Lack of driving experience might be one of the reasons for our patients’ poor responses to item 8; nearly 75% of them did not drive or was rare to drive. Our current study is not the only one indicating that item 8 is unreliable. A recent study for ESS using confirmatory factor analysis based on OSA patients in Australia also demonstrated that the original ESS was not an accurate measurement [16]. Of particular note in this study was that item 8 had the lowest standardized regression weights, and 78% of patients with OSA responded that they “would never doze” to it.

Given the poor performance of item 8, replacement of it with more reliable item is necessary. As a result of this substitution, the mESS not only improved the internal validity (increased Cronbach’s alpha) but also congregated the measurement into one dimension, i.e., EDS. It was just what the original one did while applied to Australian patients [11]. When constructing the mESS, we chose item 10 instead of item 9 in the 10-ISQ to replace item 8 in the original ESS, because item 10 had contributed slightly more than item 9 to the principal measurement of the 10-ISQ.

The mESS scores seemed to be capable of discerning the severity of OSA (Table 3). The interpretability of mESS to score change was good and comparable to an investigation based on a validated German version of ESS [10]; alleviation of sleep apnea by nasal CPAP treatment led to significant reduction in the scores in both studies.

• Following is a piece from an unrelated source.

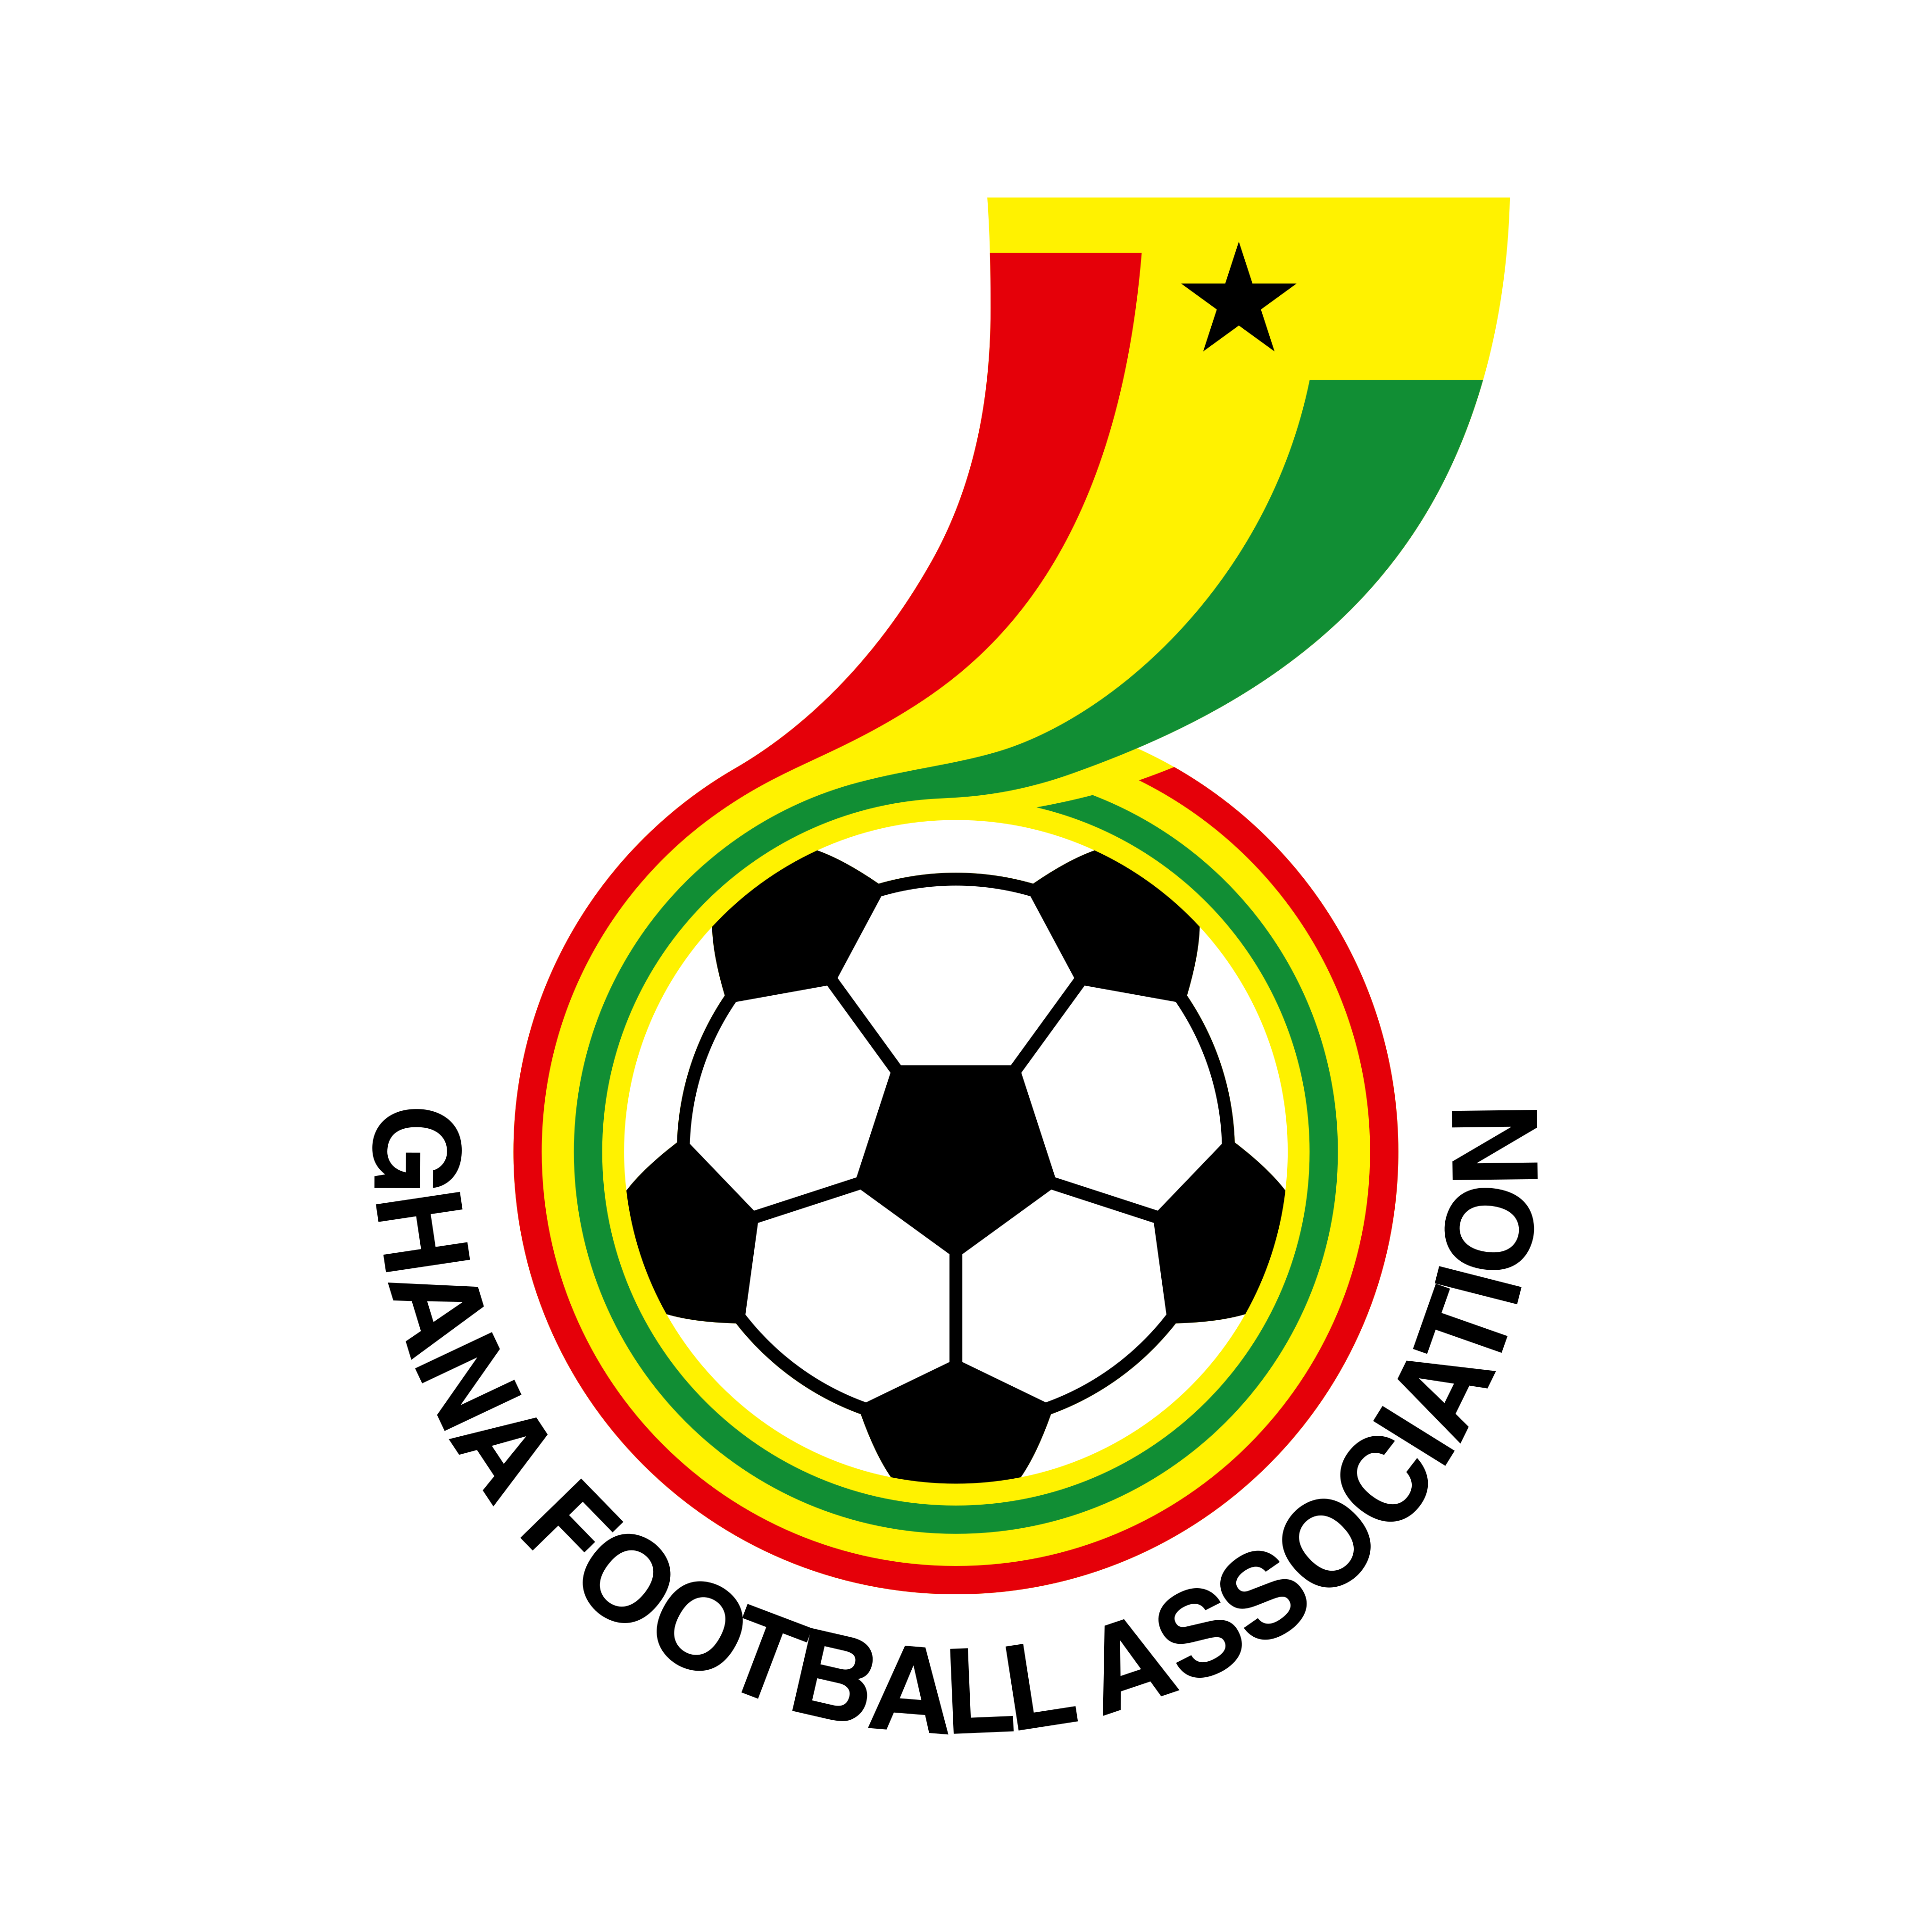 ghana national football team logo 0 - Ghana National Football Team Logo

The discovery that our subjects’ mESS scores correlated only to the frequency of apneas and hypopnea (R2 = 0.50, P < 0.001) by multiple linear regression is very similar to what Jones found (R2 = 0.23, P < 0.001) [19], except for the higher coefficient of correlation in our study. Sampling bias might be one of the reasons for this discrepancy. Our patients were much more severe: 64% OSA patients in our study had AHI more than 25 h−1, compared to just 36% in Jones’s study. We postulate that the more severe OSA a patient suffers, the less likely his or her EDS is contributed by confounding factors or overlapping comorbidities.

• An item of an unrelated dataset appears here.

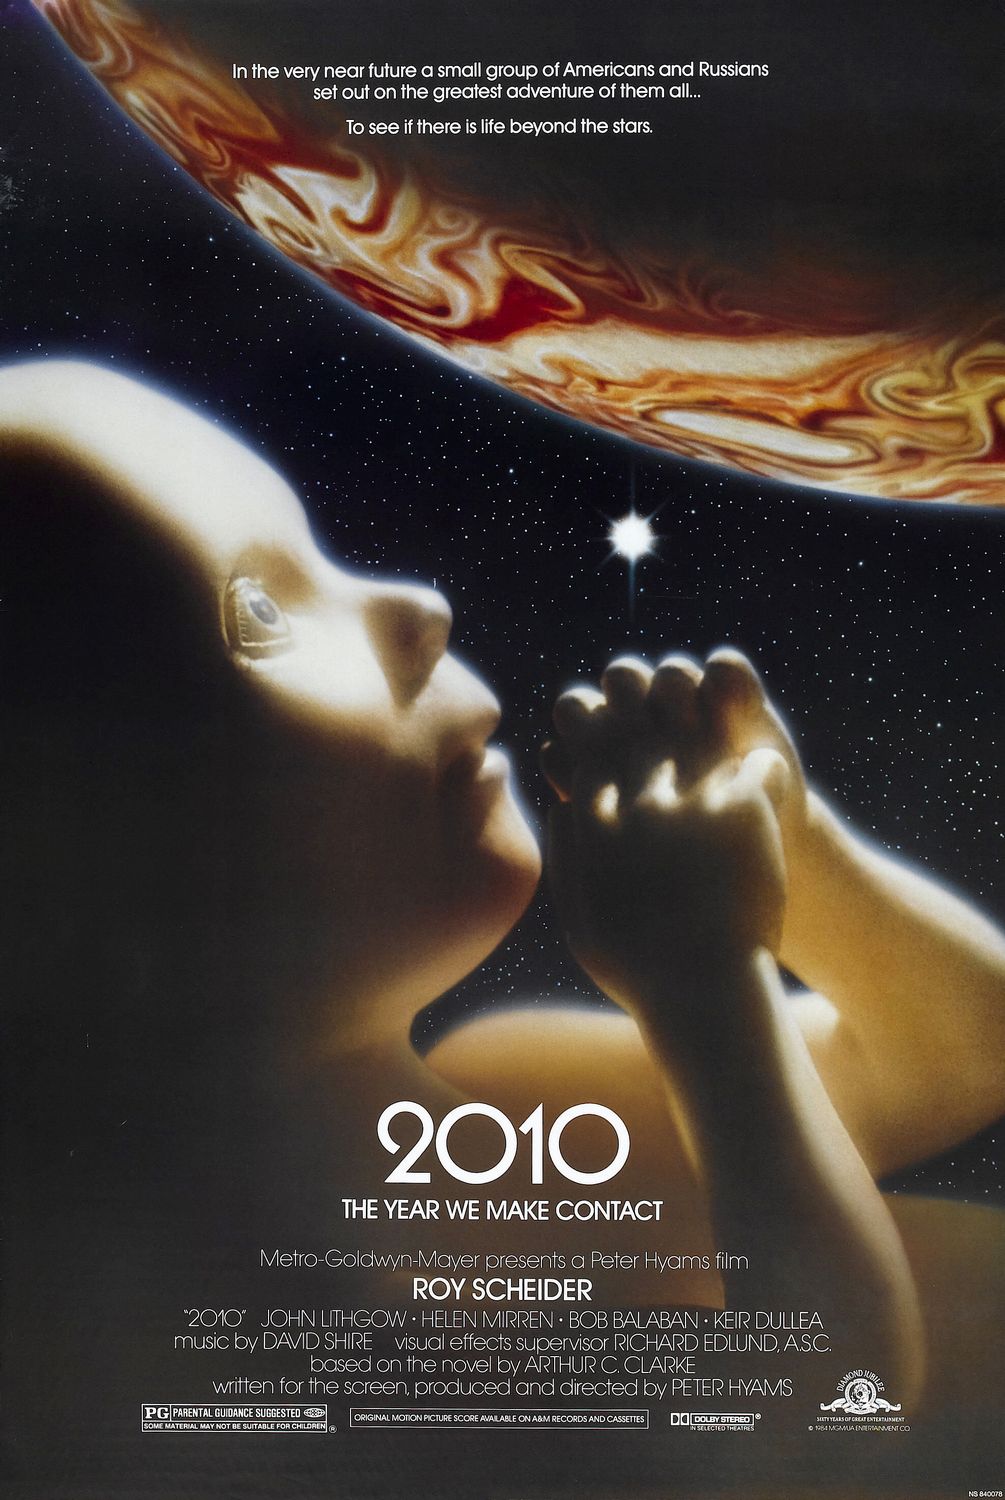 Постер - Космическая одиссея 2010: 1005x1500 / 204 Кб

However, the mESS is not reliable for normal subjects because of low internal consistency and more than one measurement dimension (Tables 1, 2). The studies based on Australian [11], German-speaking Swiss [10], and Hong Kong Chinese [12] also indicated that the internal consistency of the ESS as applied to normal subject was inferior to that for patients (Cronbach’s alphas of normal subjects vs. SDB patients were 0.73 vs. 0.88, 0.60 vs. 0.83, and 0.69 vs. 0.80, respectively) implying the irrelevancy of this questionnaire to subjects without EDS. Although the Australian study obtained an acceptable Cronbach’s alpha (0.73) for the medical students, the students could not be regarded as normal. They were more sleepy (ESS 7.6 ± 3.9) than the healthy Australian subjects (ESS 5.9 ± 2.2) in another investigation [1, 11].

We conclude that not only is the modification of ESS necessary, but also that the mESS improves the validity of ESS in assessment of EDS for patients with SDB in central China.